Wir haben versucht, mit diesem Heft einen Überblick über aktuelle Sichtweisen und Ansätze in der Behandlung stoffgebundener Süchte, insbesondere der Alkoholabhängigkeit, zu geben.

Manches, was wir in den letzten Jahren sehen, bietet erheblichen Anlass zur Sorge: Die Biografien unserer Suchtpatienten und -patientinnen wirken immer desorganisierter, stabile Beziehungen, Ausbildungswege, soziale Ressourcen sind manchmal nur schwer zu finden. Wir sehen immer jüngere Menschen mit schwersten Intoxikationen aufgrund von Substanzmischungen, die umfangreiche intensivmedizinische Maßnahmen notwendig machen, um das Leben der Patienten zu retten. Insbesondere der Gebrauch unterschiedlicher Reinigungsmittel scheint hier eine neue Dimension einzuleiten, die medizinisch wie psychotherapeutisch alles von uns fordert, was wir können: Neben individualpsychotherapeutisch ausgelegten Konzepten wird schon im Rahmen der Motivationsförderung deutlich, dass der Förderung sozialer Kompetenzen, Ressourcen und Kontakte eine große Bedeutung zukommt (siehe Beitrag von Lindenmeyer in diesem Heft). Nicht umsonst sind die Gruppenbehandlung und die Selbsthilfebewegung in diesem Feld über Jahrzehnte hinweg ein Kern der Therapie.

Gleichzeitig sind wir weiterhin konfrontiert mit hohen Abbruchraten in der Behandlung und Rückfallraten im Verlauf, die manch einem die Entscheidung, Suchttherapeut werden zu wollen, von vornherein als Masochismus erscheinen lässt.

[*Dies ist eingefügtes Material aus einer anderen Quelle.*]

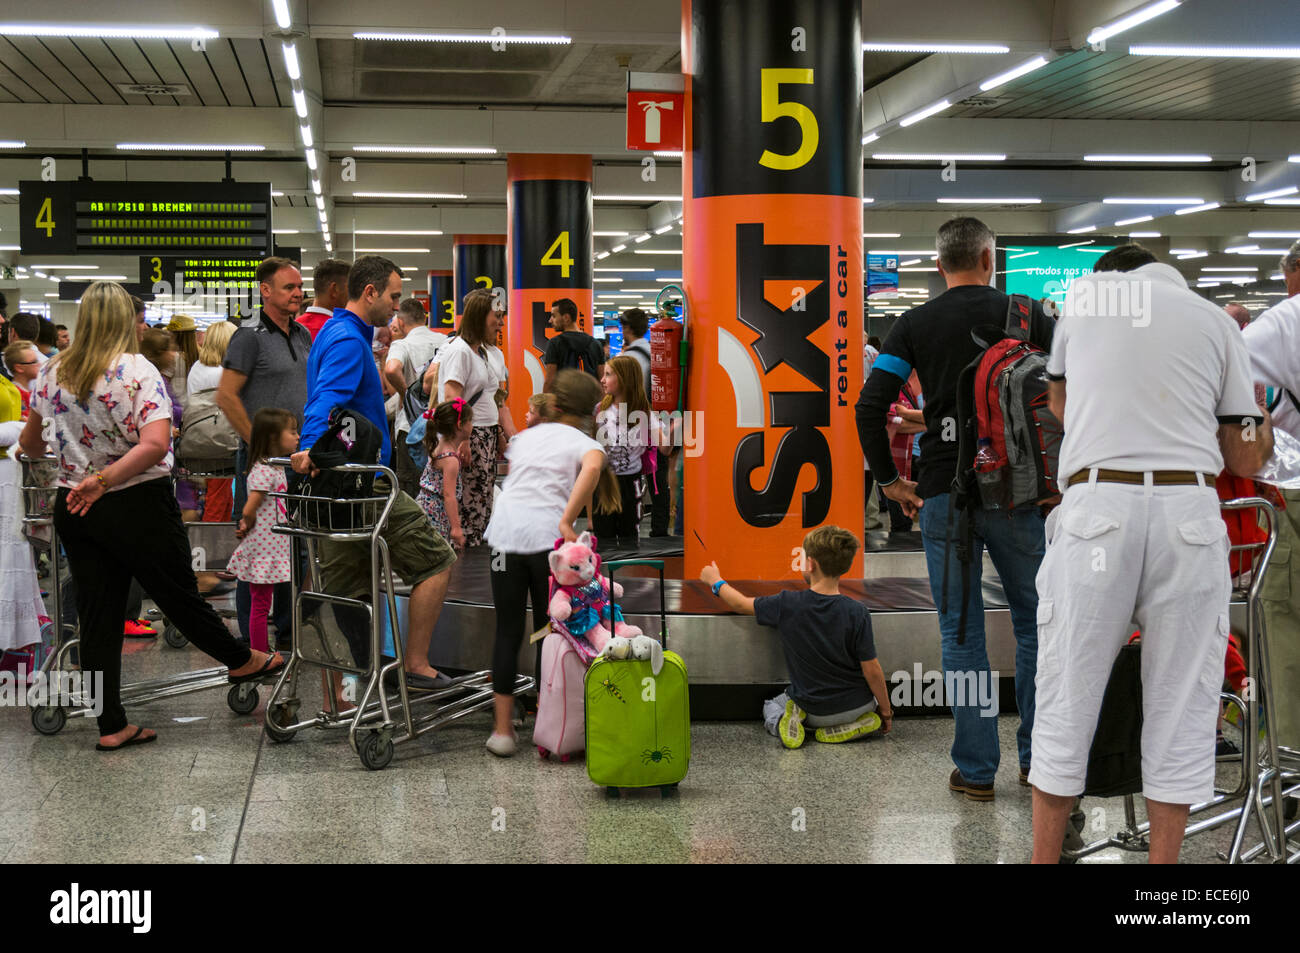 Passagers attendant leurs bagages dans un carrousel à bagages de l'aéroport Banque D'Images

Dabei leben wir in einer Welt, in der kaum eine Sportveranstaltung nicht von einem Hersteller von alkoholischen Getränken beworben wird. So entsteht der Eindruck, dass unterschiedliche Substanzen in ihrer Gefährlichkeit leicht mit allgemeingültigen Einschätzungen belegt werden, die im vielfach verborgenen Alltag von Menschen mit Abhängigkeitserkrankungen eine andere Dimension erhalten: Vermutlich ist für jeden Einzelnen die Substanz am gefährlichsten, die ihm oder ihr in bestimmten Situationen am nächsten ist: sei es zum Feiern, zum Ärgern, zum Trauern oder zum „Dampf“ ablassen. Die einmal gezogene Linie Kokain, das Besäufnis unter Kollegen sind nach wie vor je nach sozialem Kontext nicht nur normal, sondern weiterhin durchaus auch Ausdruck von Kompetenz oder zumindest schnell normalisierter Affektregulation.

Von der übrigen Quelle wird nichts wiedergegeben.